A reader wrote a very good question (see the VAMmunition post) that I feel is worth “sharing out,” with a short but (hopefully) informative answer that will help others better understand some of “the issues.”
(S)he wrote: “[W]hat exactly would a test look like if it were, indeed, ‘designed to estimate teachers’ causal effects’? Moreover, how different would it be from today’s tests?”

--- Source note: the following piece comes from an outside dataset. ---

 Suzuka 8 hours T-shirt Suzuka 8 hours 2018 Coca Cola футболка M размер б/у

Here is (most of) my response: While large-scale standardized tests are typically limited in both the number and types of items included, among other things, one could use a similar test with more items and more “instructionally sensitive” items to better capture a teacher’s causal effects, quite simply actually. This would be done with the pre and post-tests occurring in the same year while students are being instructed by the same (albeit not only…) teacher. However, this does not happen in any value-added system at this point as these tests are given once per year (typically spring to spring). Hence, student growth scores include prior and other teachers’ effects, as well as the differential learning gains/losses that also occur over the summers during which students have little to no interactions with formal education systems, or their teachers. This “biases” these measures of growth, big time!

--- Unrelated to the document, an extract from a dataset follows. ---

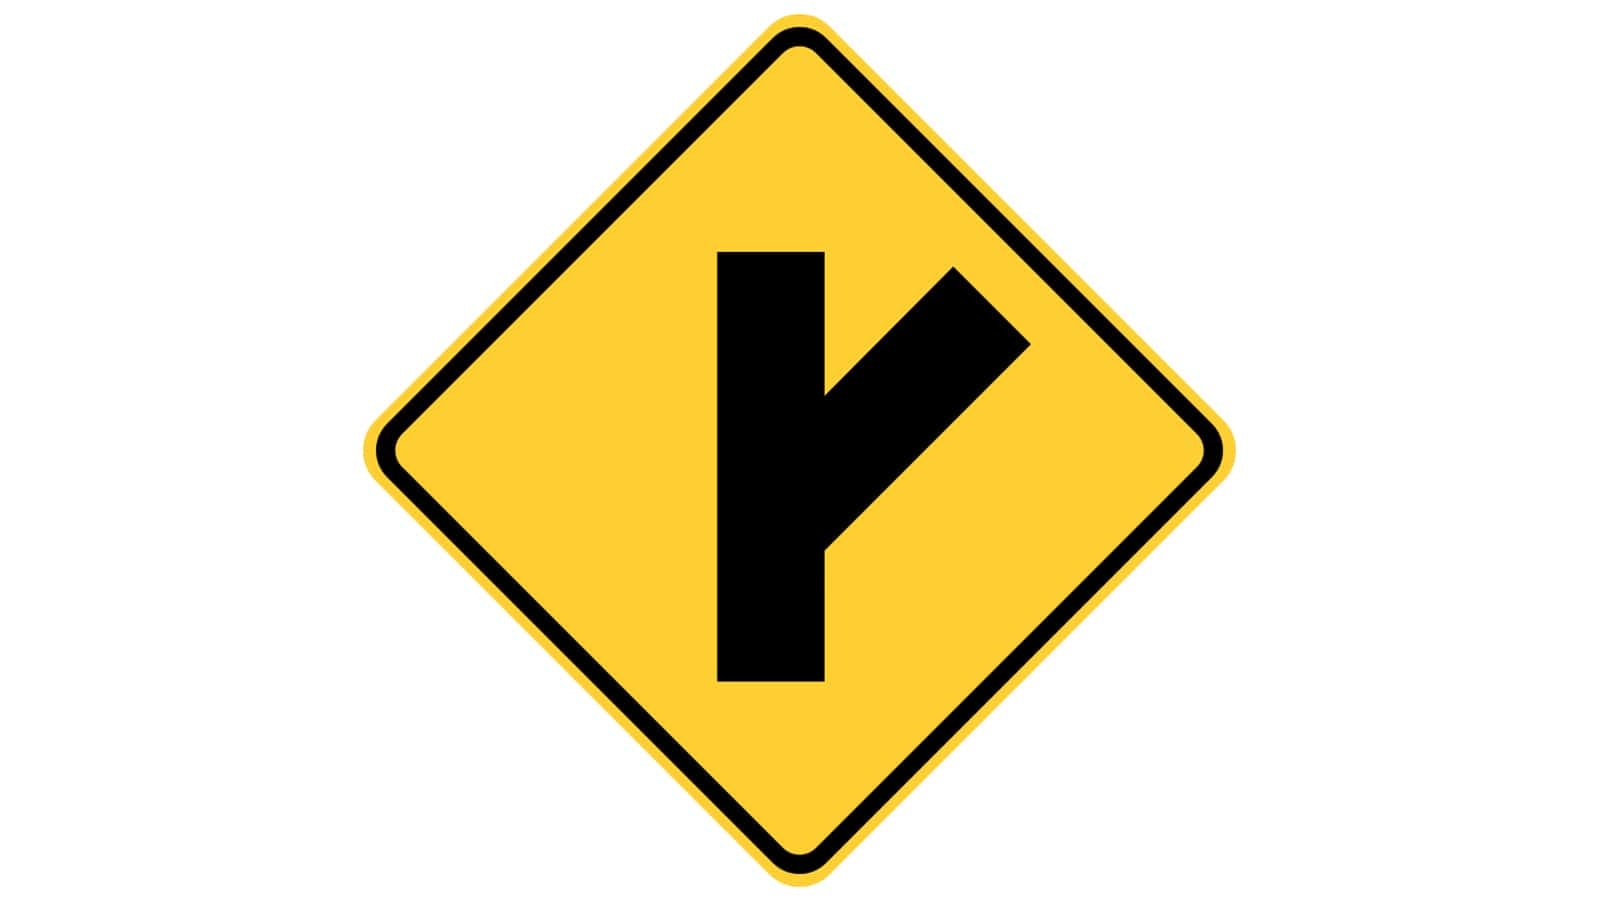 Warning sign Side Road at Acute Angle

The other necessary condition for doing this would be random assignment. If students were randomly assigned to classrooms (and teachers were randomly assigned to classrooms), this would help to make sure that indeed all students are similar at the outset, before what we might term the “treatment” (i.e., how effectively a teacher teaches for X amount of time). However, again, this rarely if ever happens in practice as administrators and teachers (rightfully) see random assignment practices…while great for experimental research purposes, bad for students and their learning! Regardless, some statisticians suggest that their sophisticated controls can “account” for non-random assignment practices, yet again evidence suggests that no matter how sophisticated the controls are, they simply do not work here either.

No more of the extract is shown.